Work task -> Only the pictures are to be dropped, and the rest of the data should be copied exactly.

Dataset section ->
--------
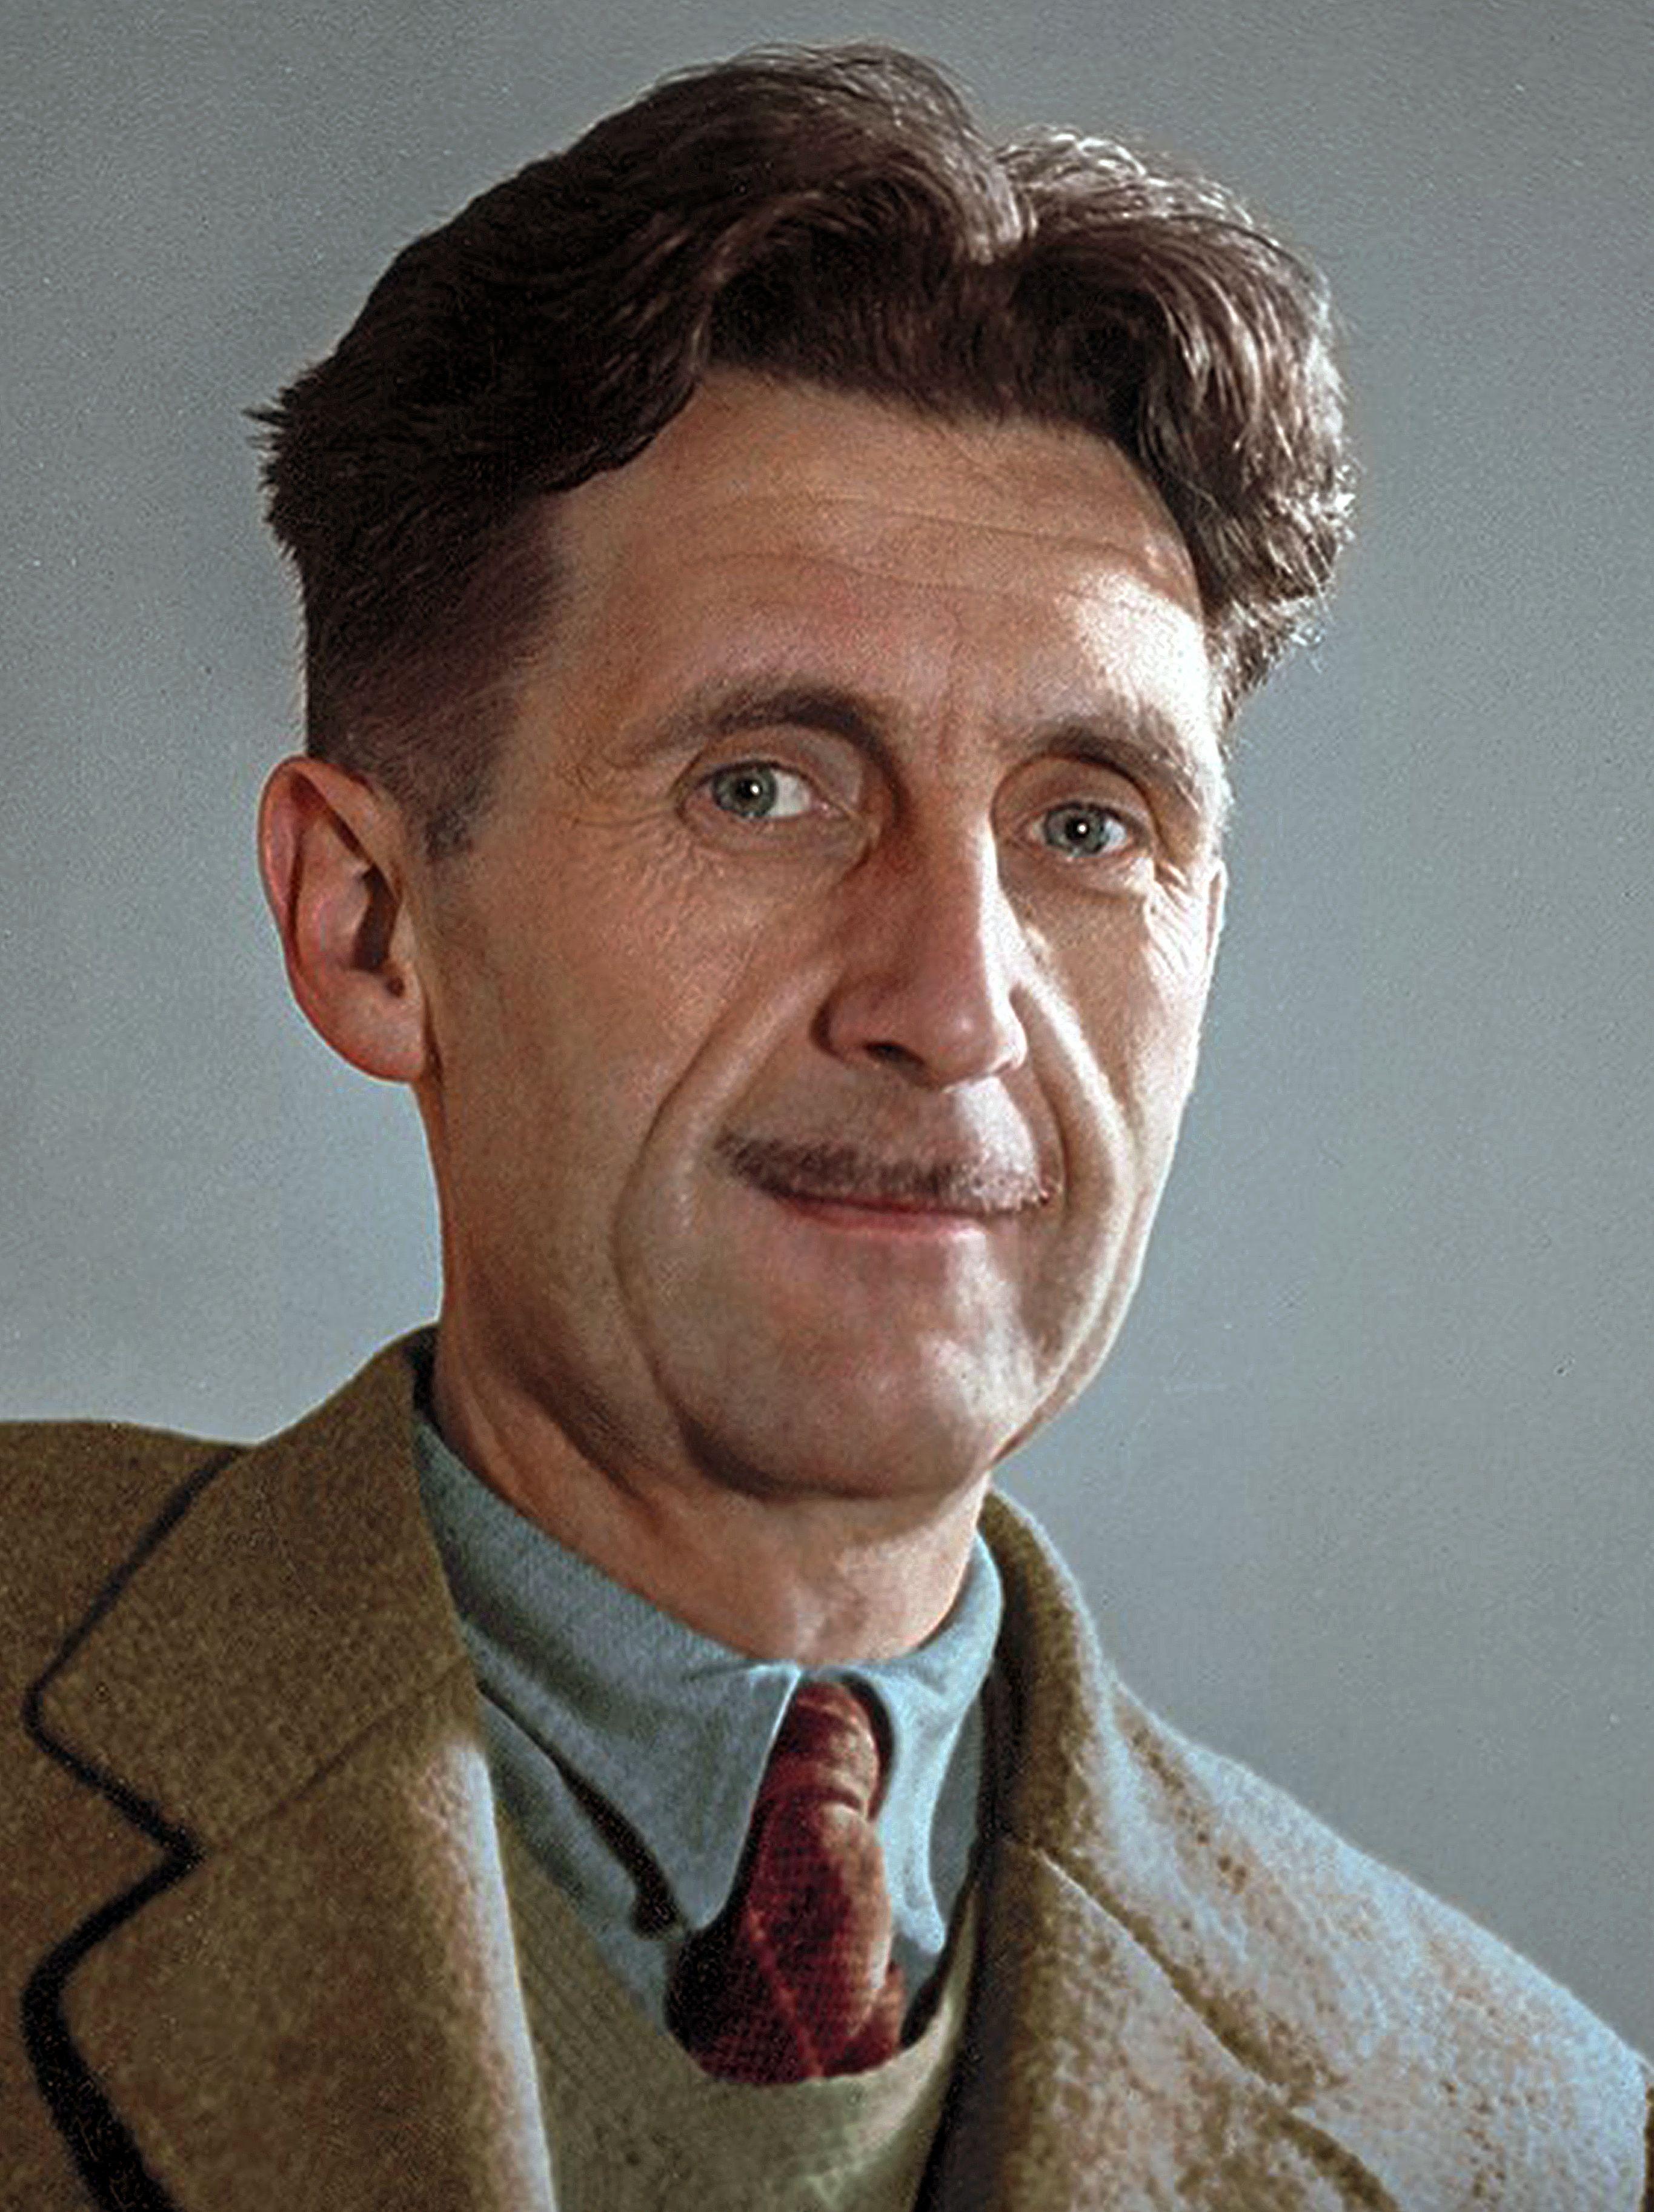 George Orwell | George orwell, Famous authors, Orwell
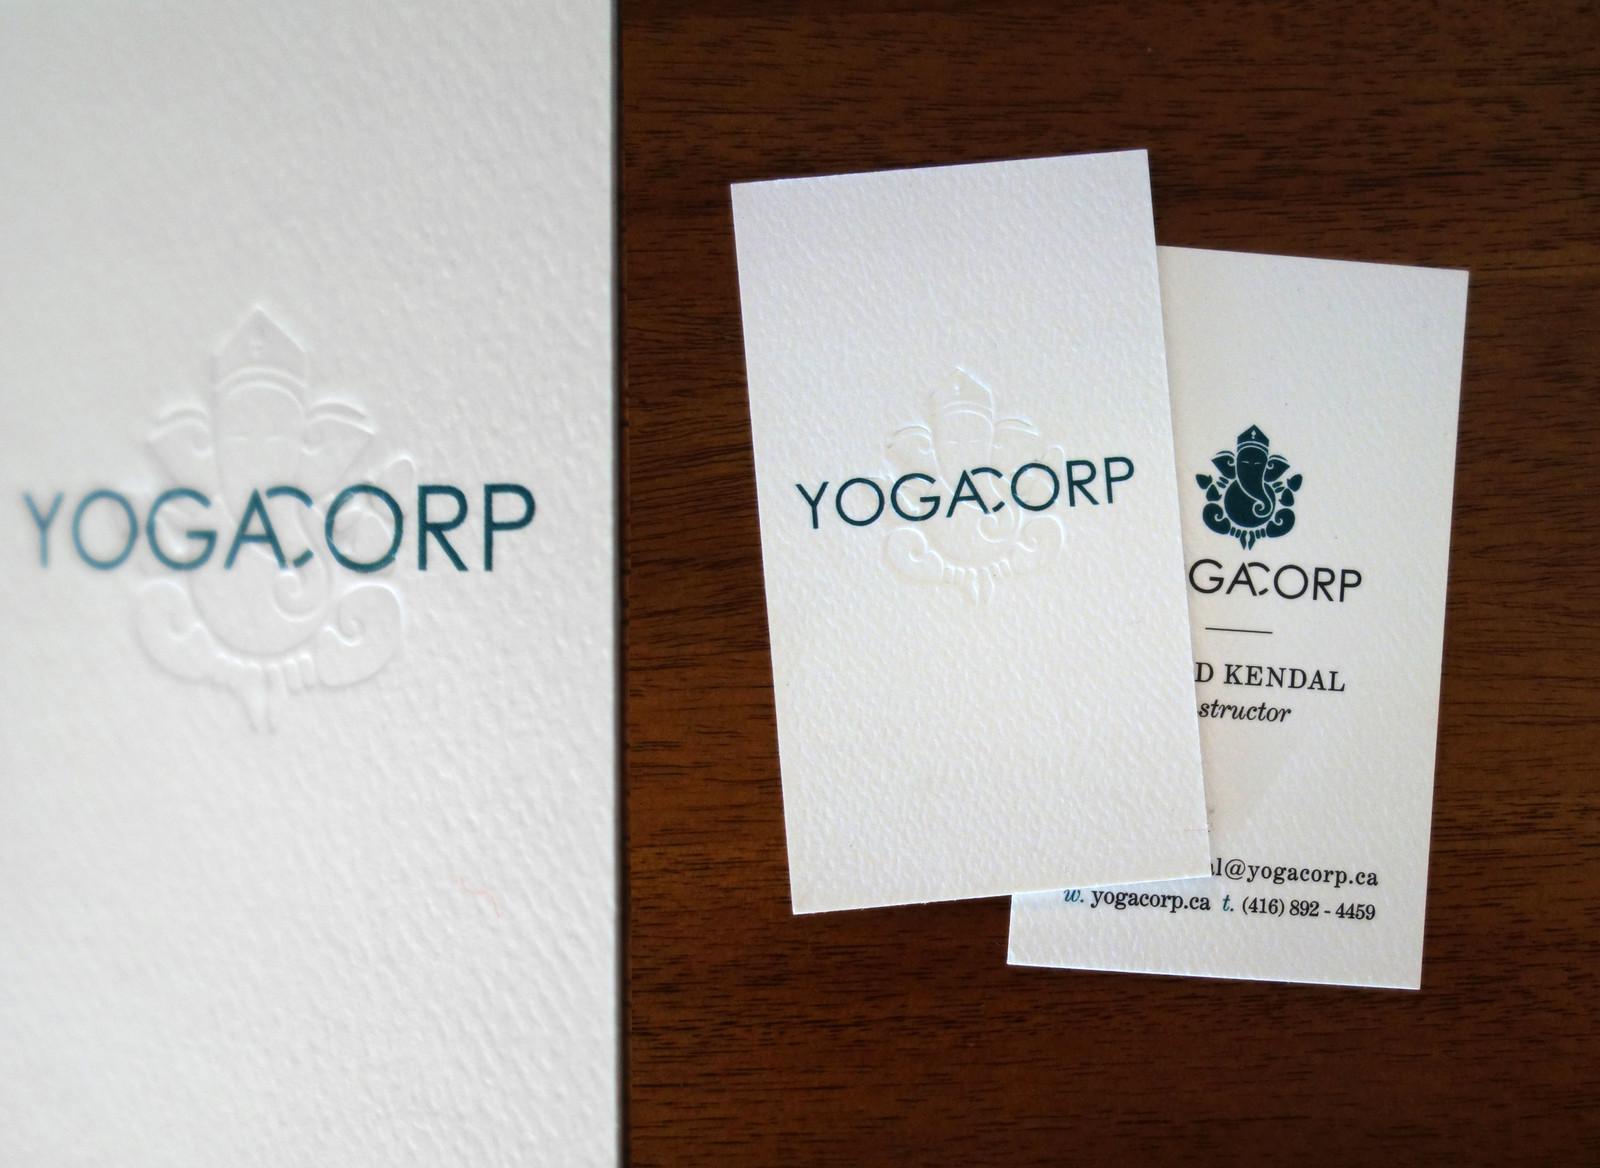 Business Cards | Branding + Design | Toronto | Studio 3 Design Co.
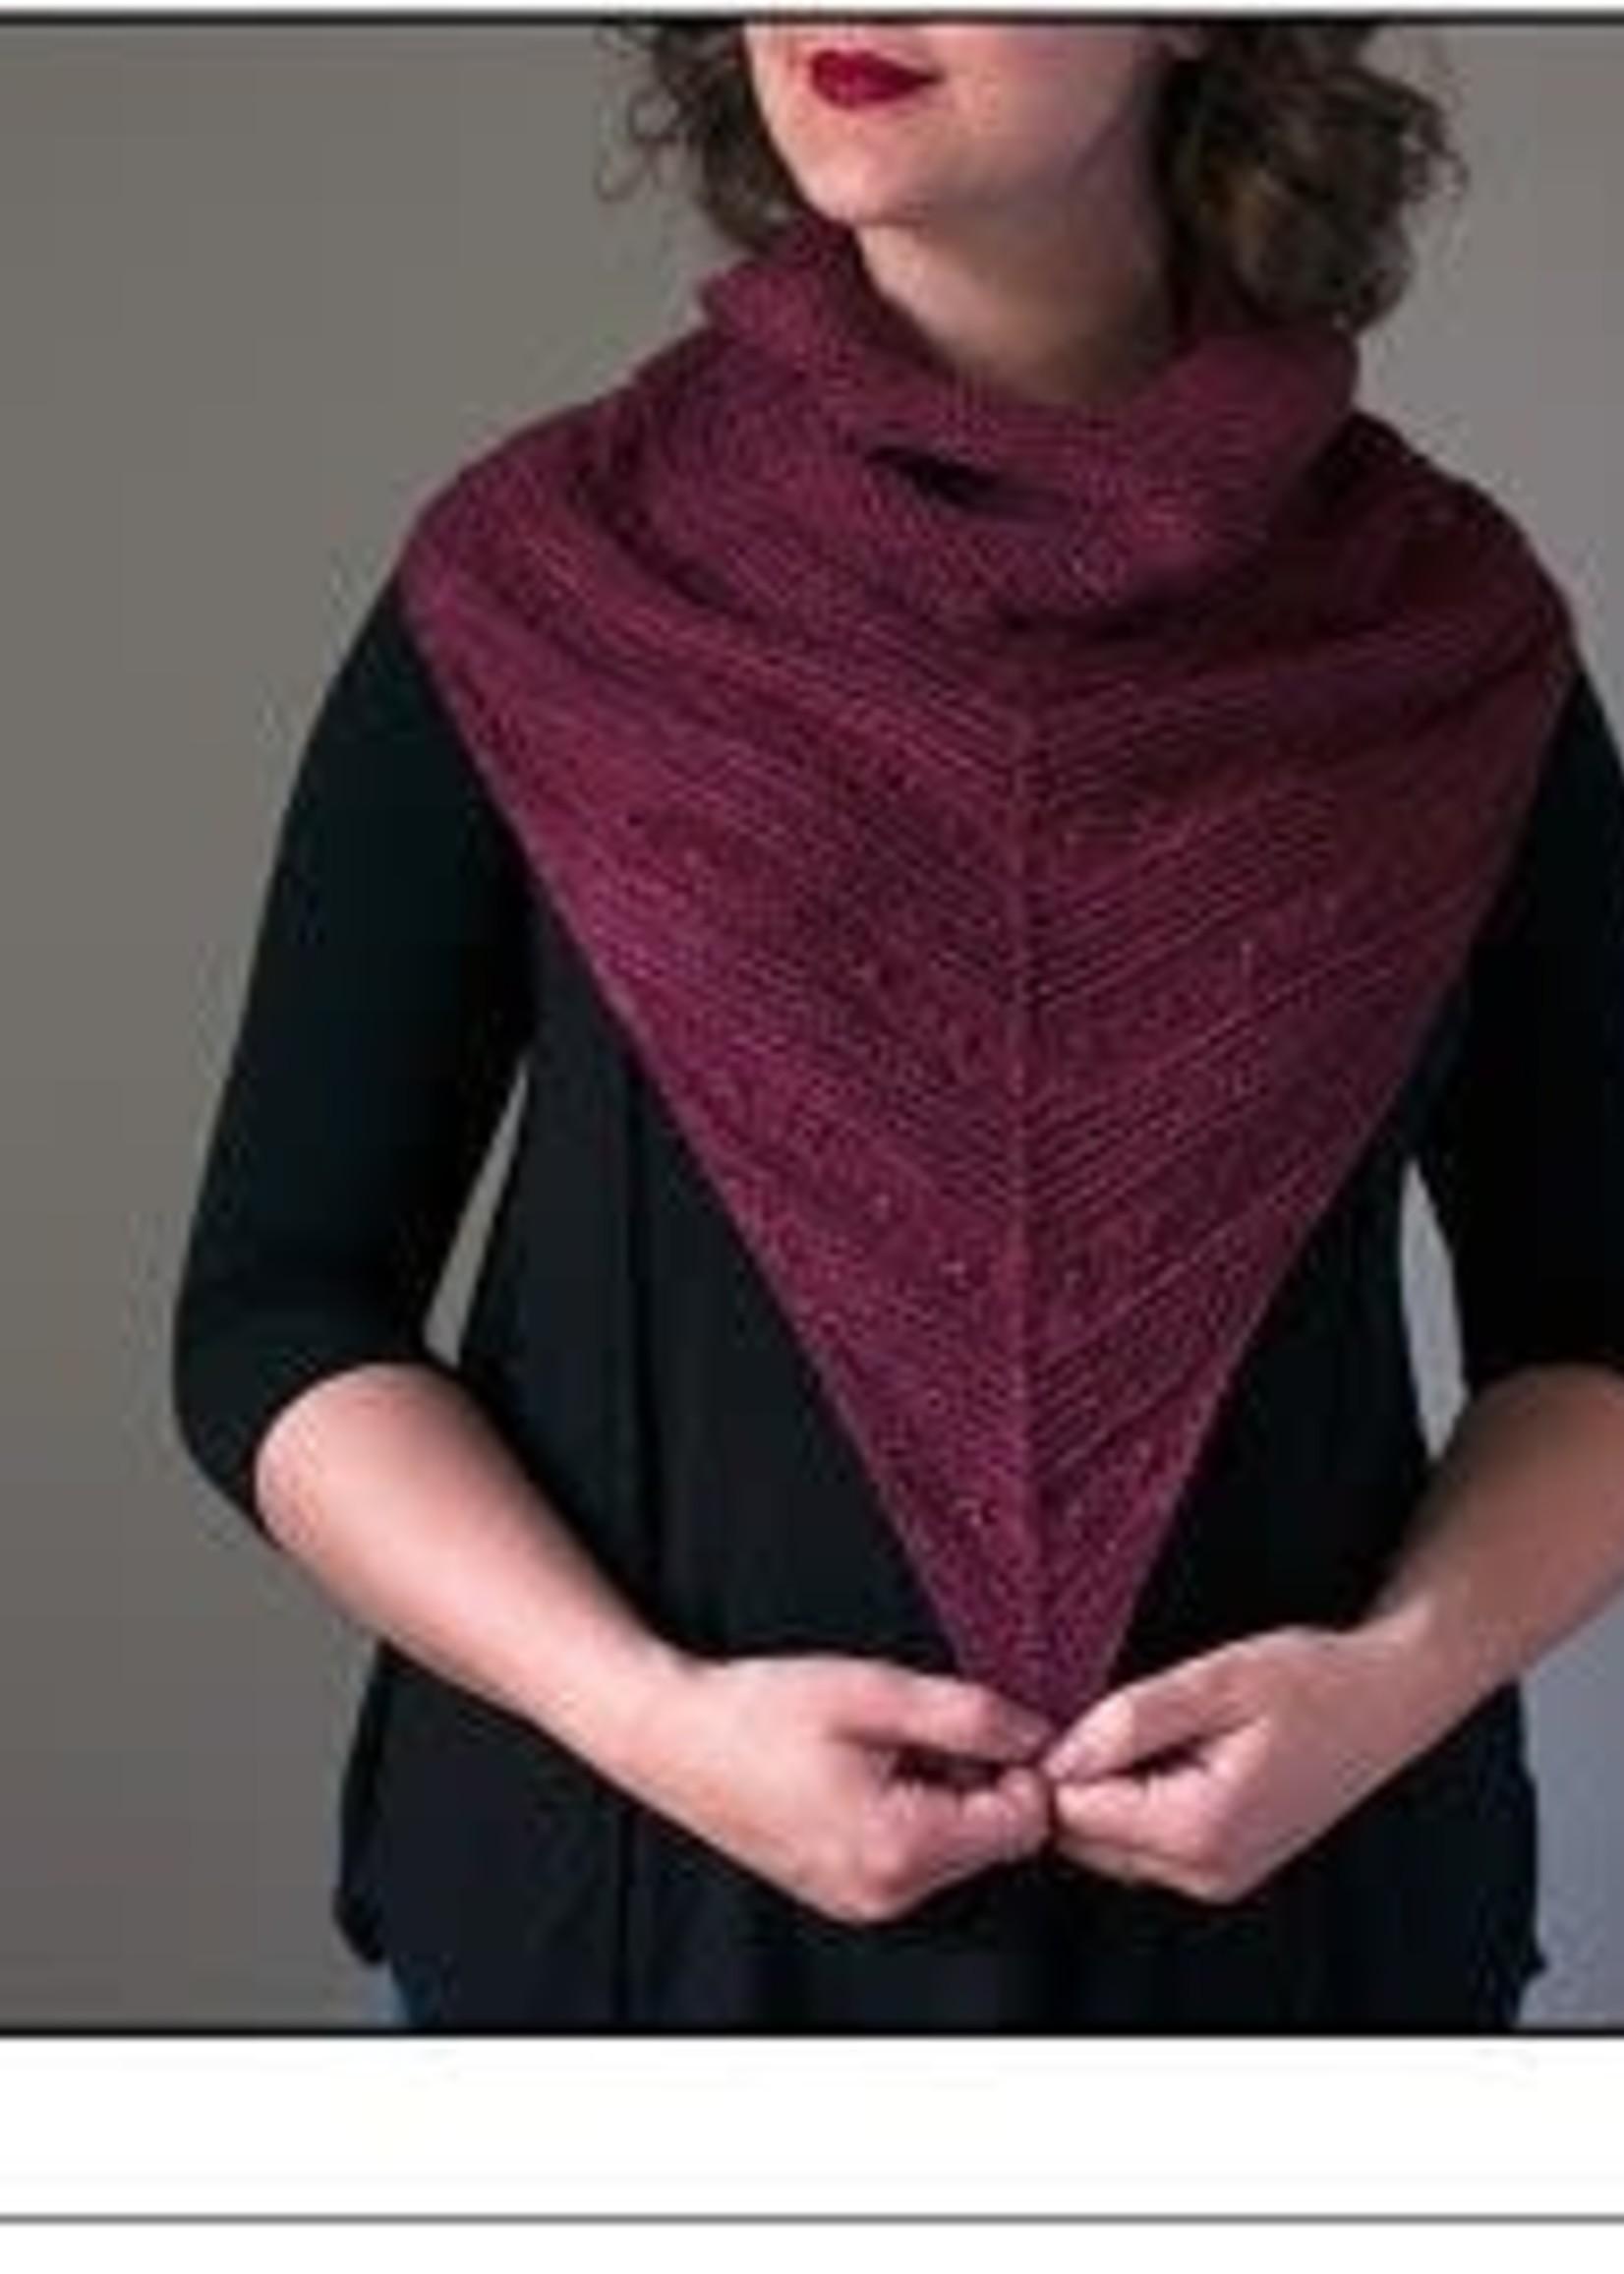 Knox Mountain Knit Co. Knox Mountain Knit Co. - Granby Cowl
--------
Reply ->
 George Orwell | George orwell, Famous authors, Orwell
 Business Cards | Branding + Design | Toronto | Studio 3 Design Co.
 Knox Mountain Knit Co. Knox Mountain Knit Co. - Granby Cowl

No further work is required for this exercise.